В мучительно долгий телевизионный уик-энд, что последовал за смертью Людмилы Гурченко вечером в среду, все каналы наперебой показывали фильмы и фрагменты телешоу с её участием. Сетка вещания была переполнена образами Гурченко — каноническими и не очень. И каждый образ норовил остаться тем самым, единственным, навеки оттиснутым в зрительской памяти.

Женщина в сером берете с пимпочкой, задумчиво затягивающаяся сизым дымом папиросы в стылом тамбуре военной поры («Двадцать дней без войны», реж. А. Герман, 1976), теснила голосистую дамочку в берете красном, с помпоном, вытанцовывающую на покрытом клеёнкой кухонном столе («Любовь и голуби», реж. В. Меньшов, 1984). Директриса в строгом костюме, решительным жестом отметающая последнюю надежду на возрождение любви («Старые стены», реж. В. Трегубович, 1973), презрительно отталкивала парикмахершу, со смелостью истерического отчаяния привораживающую в языческом диско жениха, так и не объявившегося в ЗАГСе в день свадьбы («Любимая женщина механика Гаврилова», реж. П. Тодоровский, 1981). Официантка в наколке, норовящая обмишурить и обсчитать клиента («Вокзал для двоих», реж. Э. Рязанов, 1982), косо посматривала на стареющую интеллигентку с набрякшими веками, старательно подбирающую веские слова, чтобы поведать миру о своей фронтовой любви («Аплодисменты, аплодисменты…», реж. В. Бутурлин, 1984). Ещё одна, словно «между прочим», затягивала песню Лолиты Торрес: «Сердцу больно — уходи, довольно, мы чужие, обо мне забудь», искоса поглядывая на мужчину, вернувшегося спустя двадцать лет, но, кажется, не к ней («Сибириада», реж. А. Кончаловский, 1978). Каждая требовала зрительского внимания; все вместе они сливались в горький коллаж женских одиночеств, о котором нельзя сказать точнее, чем словами песни Высоцкого, записанной Мариной Влади в том самом 1974 году, который стал годом Великого возвращения Гурченко в кино и на телевидение: «Так случилось: мужчины ушли…»

Все эти дамочки, богини, кокотки были обязаны своим существованием одной единственной, вполне земной женщине: вот она сидит в рабочий полдень на московской скамейке, с ещё не выветрившимся из головы снотворным, и считает часы долгого летнего дня — до того часа, когда уже можно принимать следующую порцию пилюль. После останется только прийти домой, чтобы пересчитать все пересчитанные по тысяче раз щели в стенах и трещины в обоях своей комнаты, прежде чем забыться в преддверии следующего беспросветного утра. Это — не выдумка Рязанова, не фантазия Тодоровского и не видение Германа. Это — Людмила Гурченко, какой она описала саму себя образца 1969 года спустя четырнадцать лет в книге воспоминаний «Аплодисменты». Без работы, без мужчины, без веры в людей, без надежды, залипшая в череде одиноких однообразных месяцев тупого сидения перед телевизором, с огромным опытом прослушивания джазовых импровизаций Билла Эванса и чтения экзистенциальных откровений Камю, которого, увы, никто не торопился предложить ей сыграть.
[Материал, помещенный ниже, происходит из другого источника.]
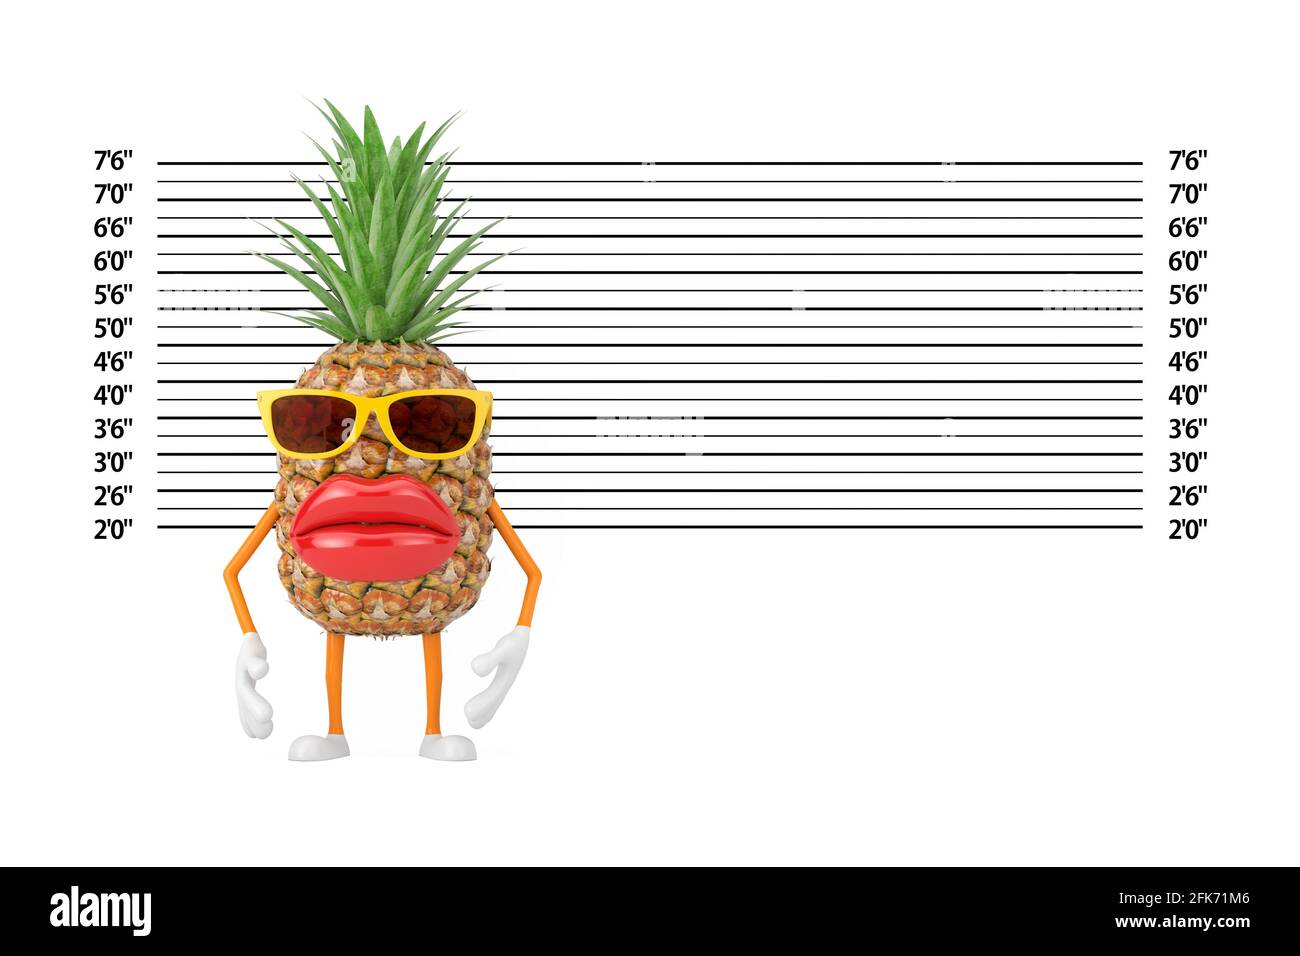 Fun dessin animé mode Hipster Cut Pineapple personne personnage Mascot en face de police ligne ou Mugshot arrière-plan extrême gros plan. Rendu 3d Banque D'Images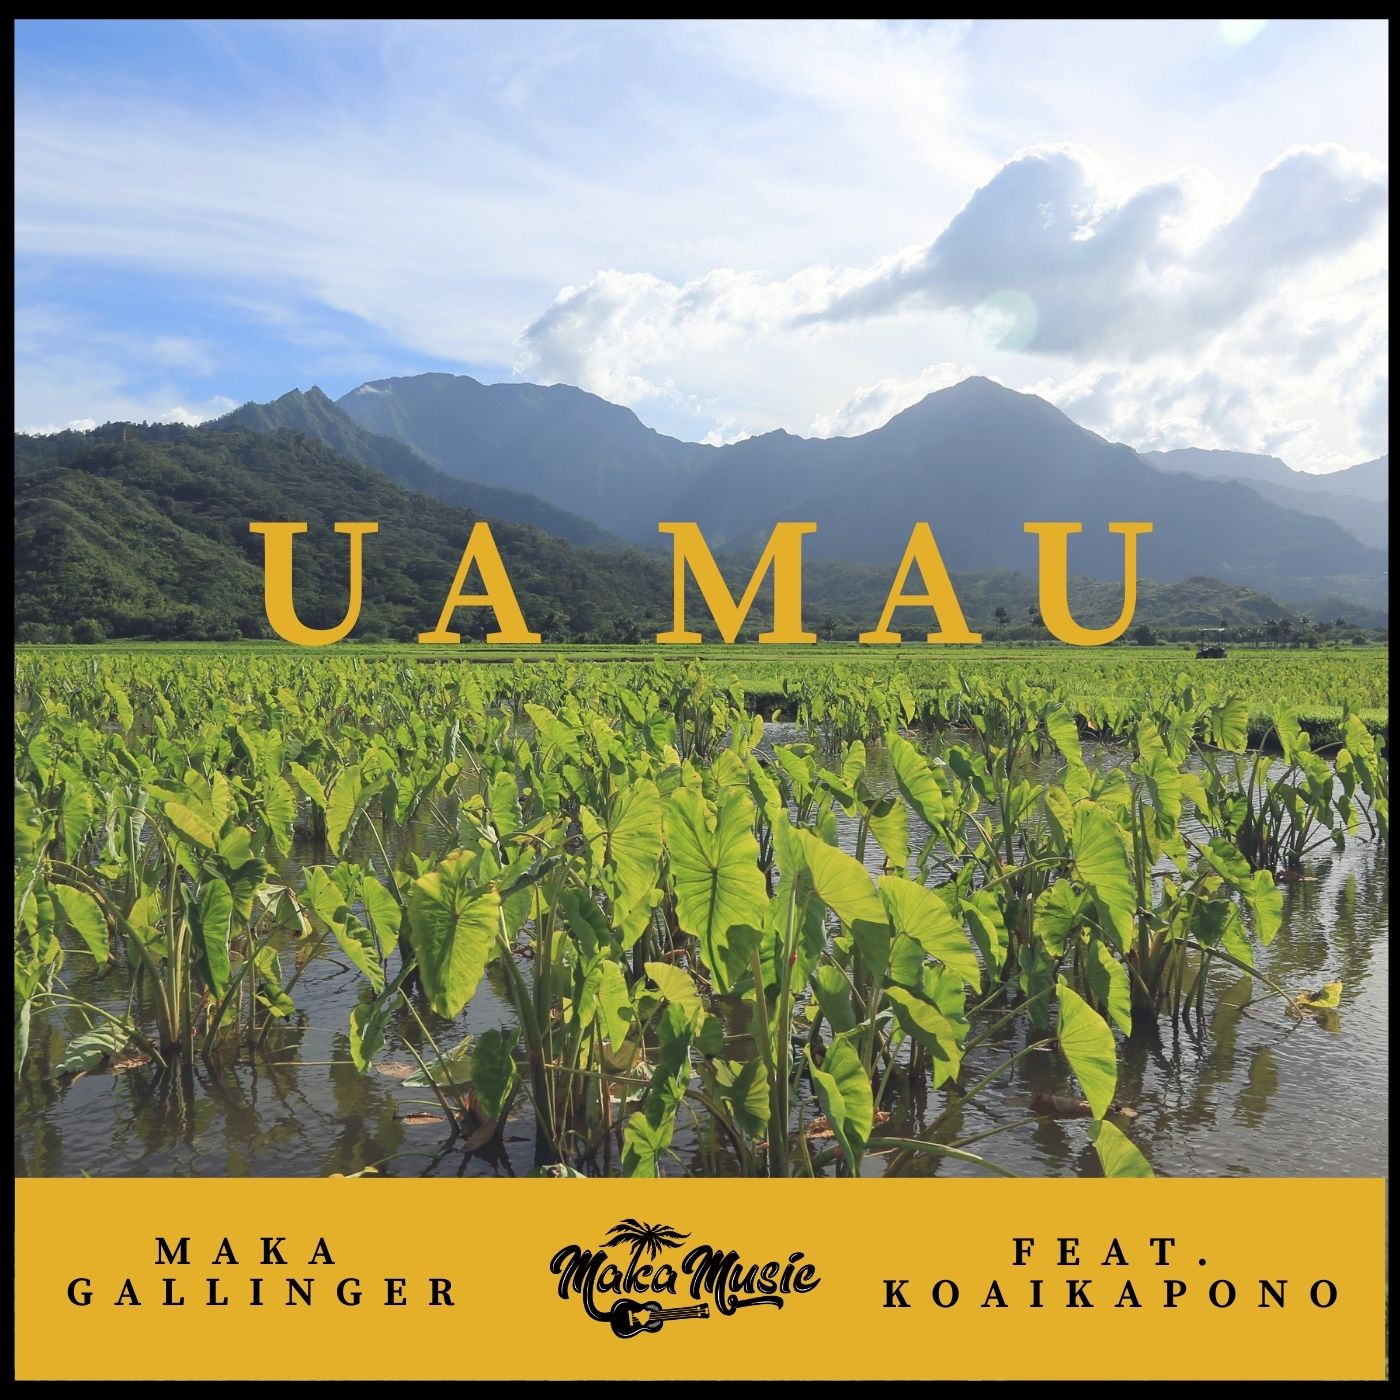 Art for Ua Mau Feat. Koaikapono by Maka Gallinger

Кадр из фильма Аплодисменты, аплодисменты… (1984)

Существуют две магистральные версии того, почему Гурченко, просиявшая уже в двадцать один год новогодней кометой хрущёвской оттепели в «Карнавальной ночи», на целых пятнадцать лет выпала из центра зрительского и режиссёрского внимания. Первая версия — киноведческая. Эту версию, как и всё, что будет придумано о ней, тактично предложила сама актриса в книге воспоминаний («Сама, сама, сама, сама», «Вокзал для двоих»). Шестидесятые — это годы авторского кино; в кино шестидесятых артист — статист, а это не про неё. Только возврат семидесятых к человеческому фактору изменил состояние дел: актёрский кинематограф предоставил ей, наконец, площадку для танцев. Вторая версия — приземлённо-обывательская, озвученная Гурченко уже в девяностые годы: мол, в 1957 году на фестивале молодёжи и студентов наши органы предложили ей пошпионить; она отказалась, на что ей заметили, что через три года артистки Гурченко не будет, и обещание сдержали.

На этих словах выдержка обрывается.